Я показал рукой на столик, за которым восседал режиссер. Каждую минуту кто-нибудь из членов съемочной группы почтительно к нему наклонялся, а он с высокомерным видом продолжал грызть свой ноготь.
- Хороший он постановщик?
- Хороший, плохой - по мне, один черт... Я свое дело делаю, и ладно...
- А вы сами, - как вы познакомились с Майо?
Лицо его просияло.
- На съемочной площадке... В тысяча девятьсот пятьдесят пятом. Он снимался в своем последнем фильме... Мне было восемнадцать лет, я был реквизитором...
- Когда с ним познакомился я, он уже много лет не снимался...
- Он никогда не любил сниматься. Он стал актером случайно, но сниматься никогда не любил... - Усталым взглядом Карпантьери обвел столики на террасе. - Что у него могло быть общего с этими поденщиками...
Я пристально вглядывался в Карпантьери, рылся в памяти, но тщетно: сомнений нет, он запомнился мне только в одной-единственной роли за рулем машины Майо. И еще смутно брезжило: Майо, кажется, дал ему какое-то прозвище.
- Он вас как-то называл... - осторожно начал я.
- Тентен [герой популярных комиксов]. В ту пору я был куда стройнее... И похож на Тентена...
Правильно, совершенно точно. Вот Майо высунулся из окна отеля на улице Труайон и зовет Тентена своим глубоким голосом. Тентен... Мне было так же тягостно видеть его, как только что опознанную мной на террасе маленькую девочку, которую взмах волшебной палочки преобразил в сорокалетнюю женщину. Постаревший Тентен удвоил свой вес.

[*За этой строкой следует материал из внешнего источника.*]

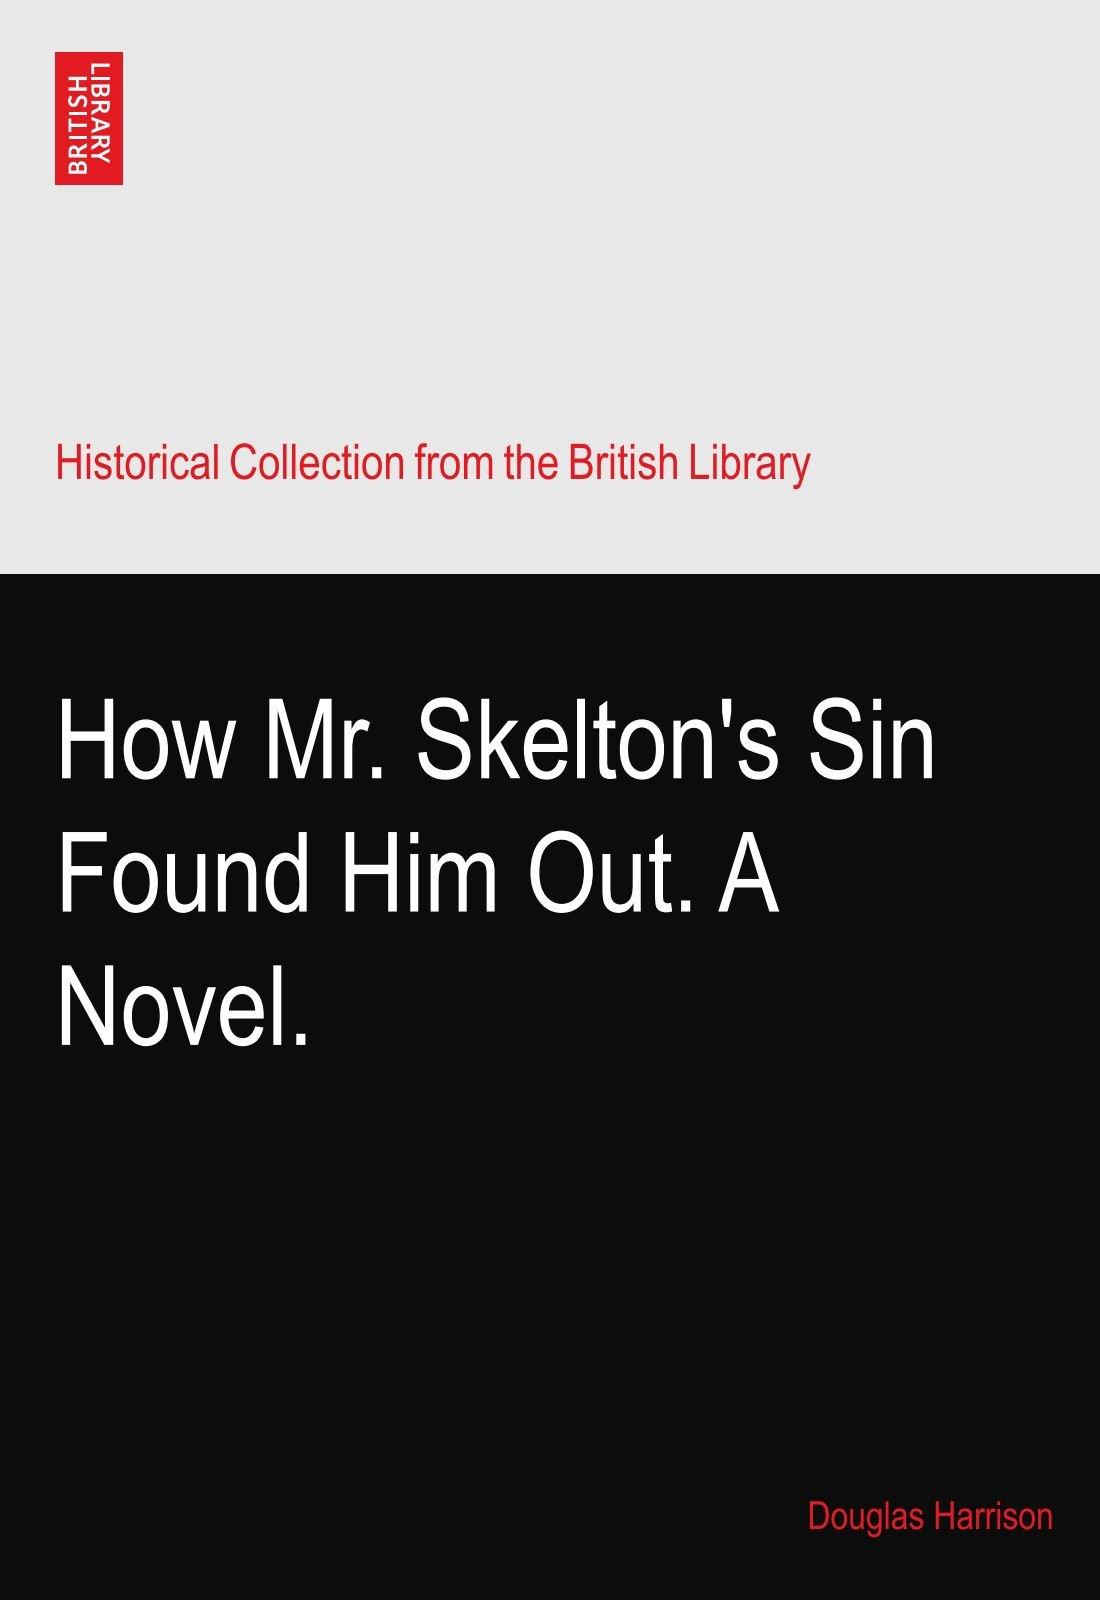 How Mr. Skelton's Sin Found Him Out. A Novel. pdf

- Он заставлял меня носить гольфы... А на день рождения подарил фокстерьера... С тех пор все киношники звали меня Тентен Карпантьери...

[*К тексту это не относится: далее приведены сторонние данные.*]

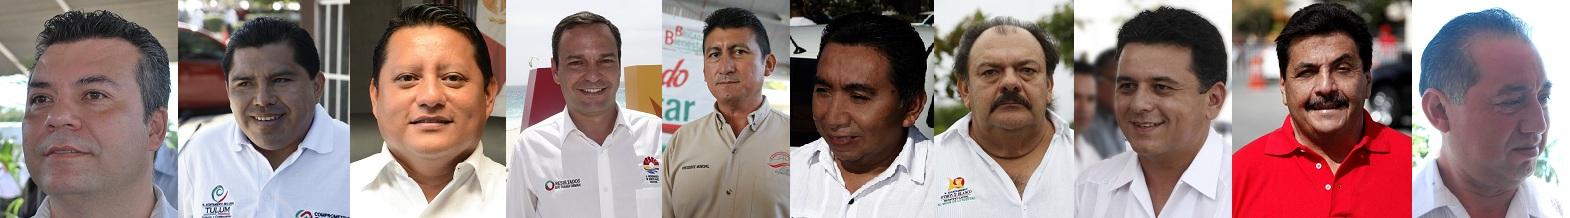 1.-Mauricio Góngora Escalante. Presidente municipal de Solidaridad

Словно от знакомого аромата духов, пробудились во мне вдруг воспоминания о проделках Майо. Взять в секретари Тентена было вполне в его духе.
- Мне пора за работу, - вздохнул он.
Там, на террасе, режиссер встал и, грызя ноготь указательного пальца, заглянул в какую-то толстую папку. Бывшая маленькая девочка покорно стояла с ним рядом.
Тентен наклонился ко мне.
- Мне хотелось бы непременно увидеться с вами еще раз... Вы ведь любили Майо?
- Конечно, любил.
- Мне надо доверить вам кое-что очень важное... Сейчас нет времени...
Он сжал губы, словно сдерживая порыв откровенности. Потом, резко вздернув подбородок, решился:
- Понимаете... Майо не умер... Он жив... Вы думаете, я сошел с ума, да? А я вам повторяю: он не умер. Сейчас мне некогда, но давайте встретимся...
- Хорошо.
- Завтра... в половине первого ночи... здесь... в этом кафе... Если я задержусь... подождите меня... Мы свернем на улицу, тут рядом...
- Хорошо.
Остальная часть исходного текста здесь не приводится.